①Apple Lightning USB 3カメラアダプタ
まずは、Apple Lightning USB 3カメラアダプタが必要だ。同様のものが色々と安く売られているが、認識されない可能性が高いので純正がおすすめ。

②USB-C x USB-Aケーブル
ライトニングUSB-3カメラアダプターとSSDを接続するためのUSBケーブルだ。既に持っている、あるいはスティックタイプのSSDの端子がUSB-Aタイプで問題なく挿せるなら購入する必要はない。

③ライトニングケーブル
構成図にあるライトニングケーブル。ライトニングケーブルは既に持っていて、充電器があるなら特に購入する必要はない。

④充電器
構成図にある充電器も既にあるなら購入する必要はない。下記の充電器はUSB-AとPD対応のUSB-C端子が一緒に使えるAnkerの充電器だ。

ファイルアプリで外付けSSDをフォーマット
iPhoneのファイルアプリで外付けSSDをフォーマットする手順を見てみよう。
まずは、ファイルをタップして起動する。

ファイルアプリを起動したら「場所」の項目欄にある外付けSSDを長押しする。外付けSSDの名前は利用している外付けSSDに基づく。

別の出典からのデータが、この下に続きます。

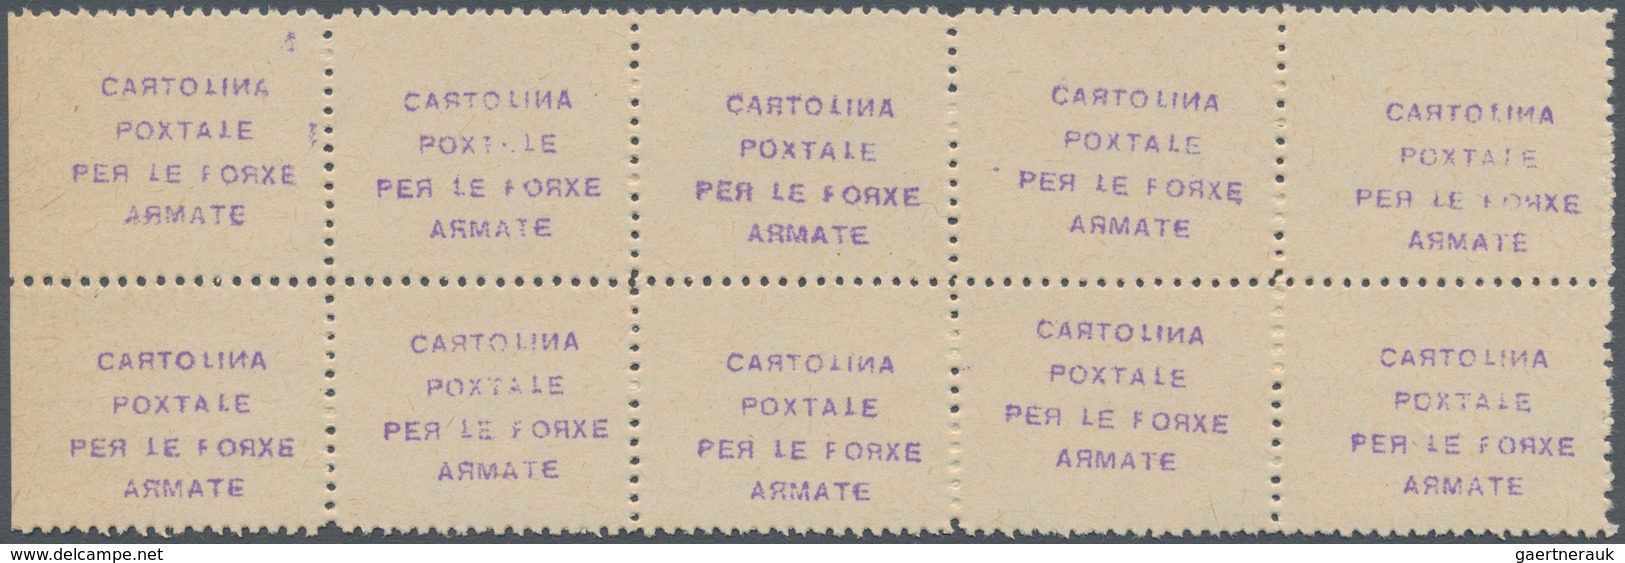 01055 Italien - Besonderheiten: 1941, Postage Free Labels For Postcards: Printed In Violet On Yellowish Pa - Ohne Zuordnung

長押しすると下記のようなメニューが表示されるので、消去をタップする。

続いては、下記のフォーマットのいずれから選択する。今回はサンプルで①APFSを選択するが、他のフォーマットを選択した場合でも同じ流れとなる。フォーマットを選択したら、画面右上の②消去をタップする。「暗号化済み」はデータが暗号されるが、読込速度が遅くなる。
- APFS
- exFAT
- MS-DOS (FAT)

下記のように消去案内が表示されるので、問題がなければ消去をタップする。これでフォーマットが開始される。しばらく待つと再度アクセスできるようになる。

フォーマットした外付けSSDが、どのフォーマットになっているかを確認するには、外付けSSDを長押しし表示されたメニューの情報を見るを選択する。

下記図のようにフォーマットがAPFSになっていることを確認できる。